云うまいと 思えど今日の 寒さかな |
作者不詳
「かなり冷えてきたようだ」
窓の外に目をやったカミュが呟いた。
なるほど、先ほどまでとはうって変わり、10m先もみえぬほどのブリザードが吹き荒れている。
頑丈な作りのはずのこの小屋も、それだけの歳月が経ったのだろう、どこからか冷たい風が入り込んできているのだった。
凍りついたワインとチーズを見て眉をひそめていたミロがその言葉を聞き、足音を忍ばせてカミュに近付くと、そっと後ろから抱きしめた。

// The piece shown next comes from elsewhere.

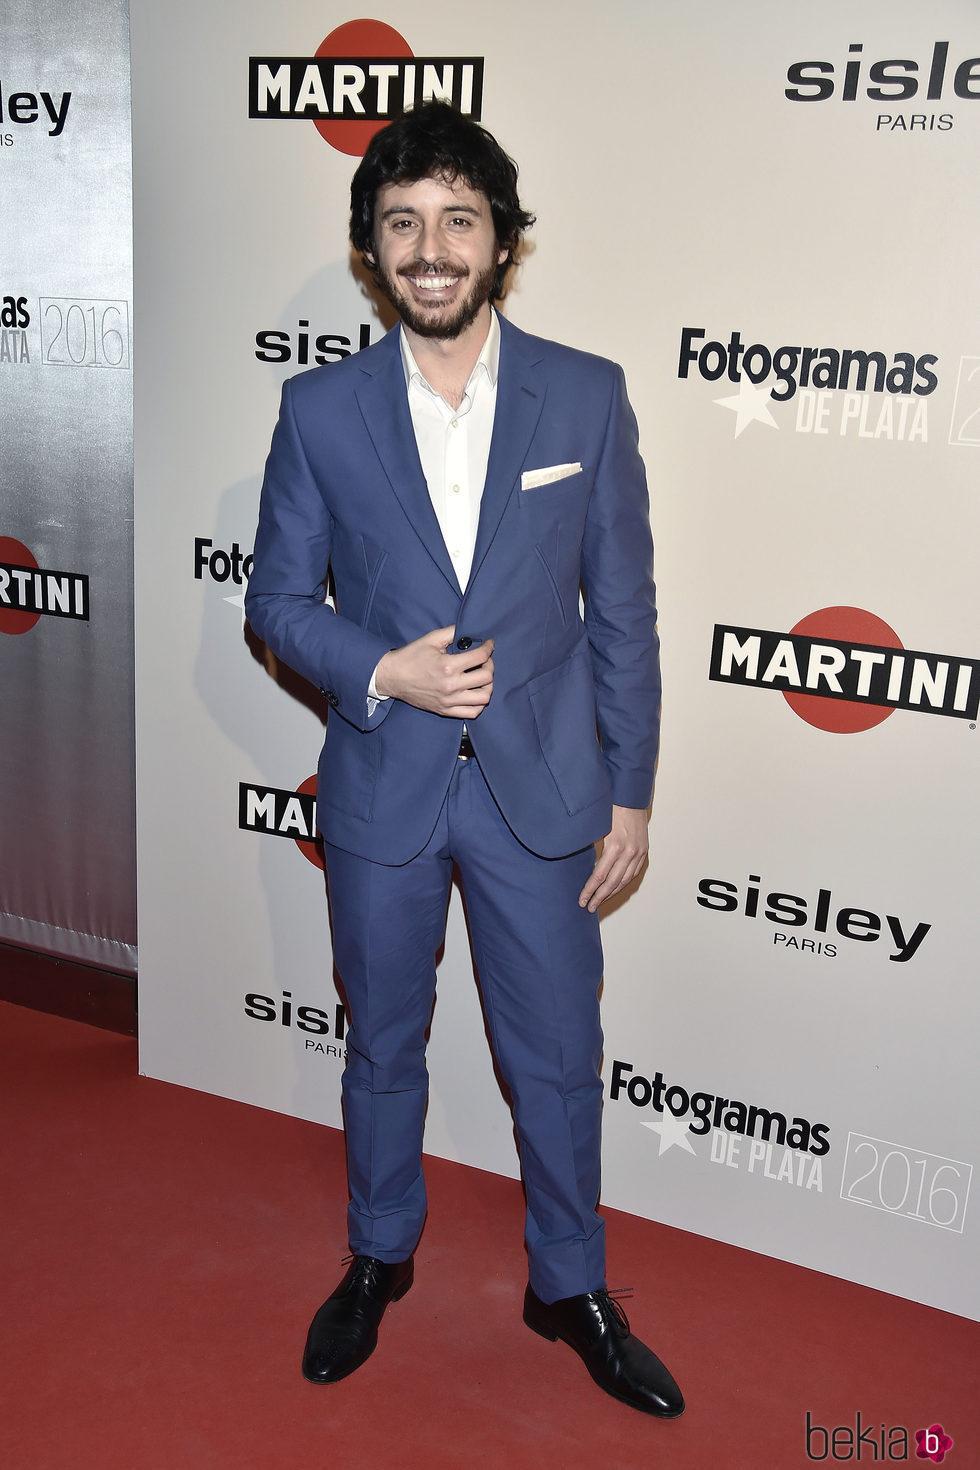 Javier Pereira en la alfombra roja de los Premios Fotogramas de Plata 2016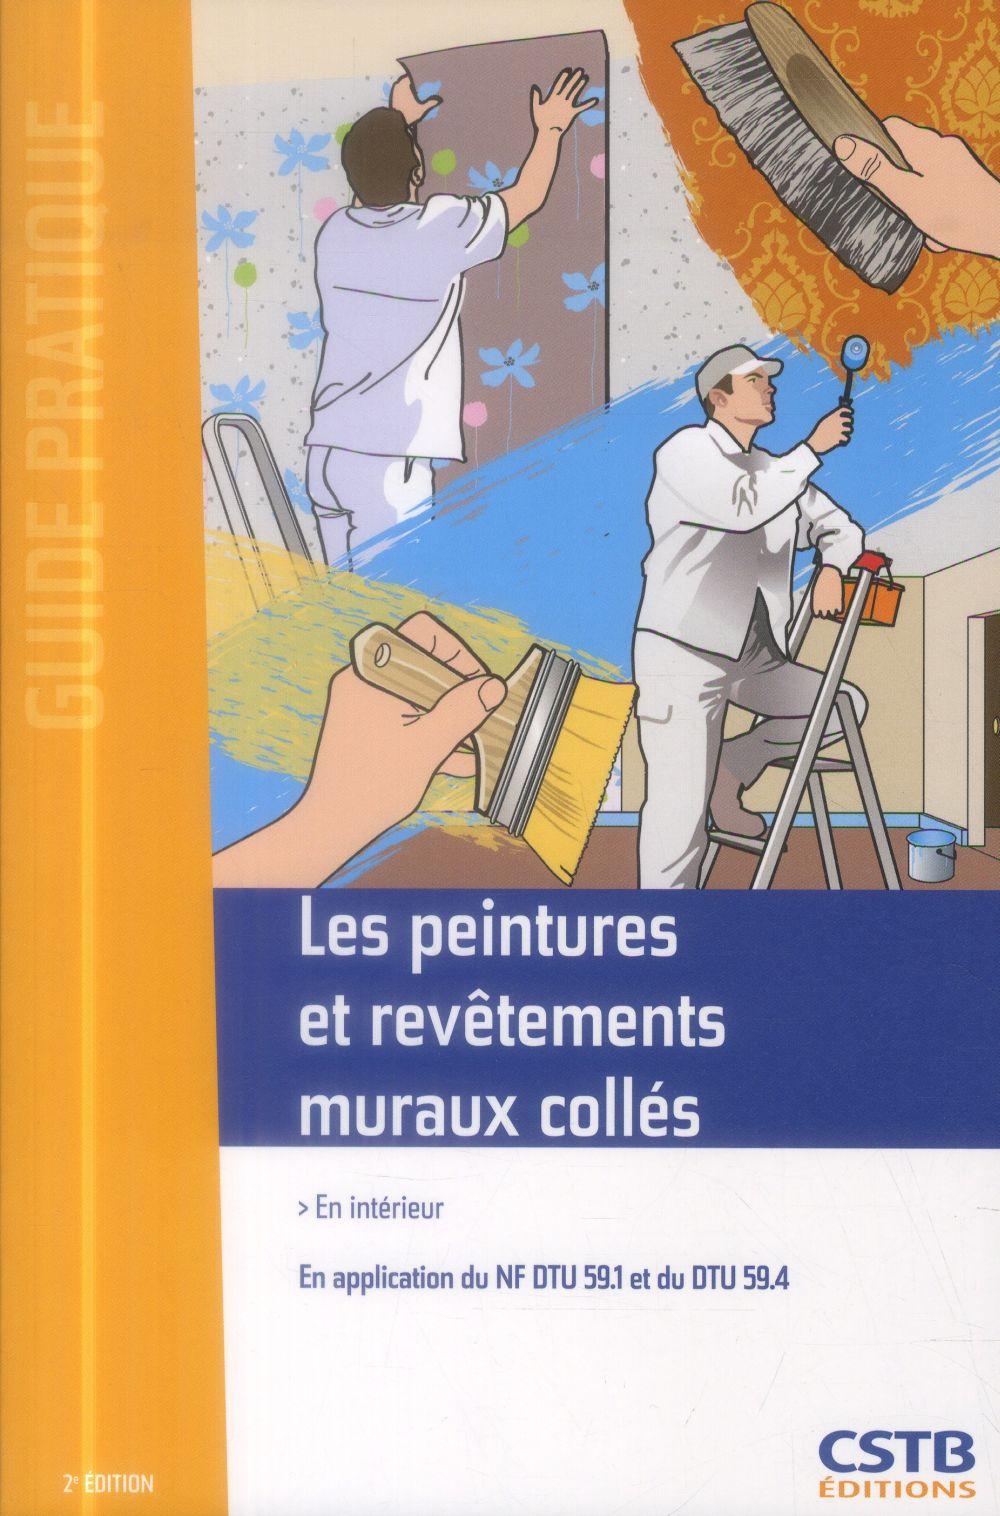 Les peintures et revêtements muraux collés (2e édition)

待っていたように、とミロには思えたのだが、カミュが少し頭をのけぞらせミロの肩に預けると、ミロは形のよい顎にそっと指を添え、自分の方を向かせて、優しく唇を重ねてゆく。
霧の中の出来事がカミュの心に余韻を残しているとみえ、その敏感な反応がミロの心を躍らせた。
まだ外の冷たさが纏わりついている髪をそっとかきやり、僅かに桜色を帯びた耳元でささやく。
「 You might think but today's some fish. 」
「・・・・・・え??今、なんと云ったのだ? 非論理的でまったく意味が通らないが?」
ミロに身体を預けていた筈のカミュに、甘さのかけらもない声で聞き返されたミロが当惑したのも無理はない。
このまま自分のペースに持ち込めると考えていたのに、カミュのこの情緒0%の反応はいったいなんだ?
「もしかして、ミロ、それは英語か?」
「・・・・そうだが、なにか問題があったか?」
しっかりと向き直ったカミュに鋭くたたみかけられて、ミロはたじたじとなった。
ミロの計算では、この台詞を言ったあとの展開はこうなる筈であった。
「洒落たことを言う・・・・」
ミロの胸に抱かれたカミュが甘い吐息を洩らす。
「そうでもないさ・・・」
軽く耳朶を噛まれて、身をそらそうとするカミュを、しかし、ミロは逃がさない。
「俺たちには外の寒さなど無縁だ。俺の腕の中でお前に春を味わわせてやろう・・・」
「ミロ・・・・・」
目を伏せたカミュの頬が、やがて濃い桜色に染まっていった。
ところが、である。
「 お前の英語は文法的に間違ってはいないが、英文としてまったく意味が通らない。
いったいどこでその妙な英語を仕入れたのだ?」
ミロは心底泣きたくなった。
せっかく、カミュとの二人きりのシベリアでの逢瀬という珍しいシチュエーションを飾ろうと思った英語が、どうやらとんでもない食わせものらしいではないか!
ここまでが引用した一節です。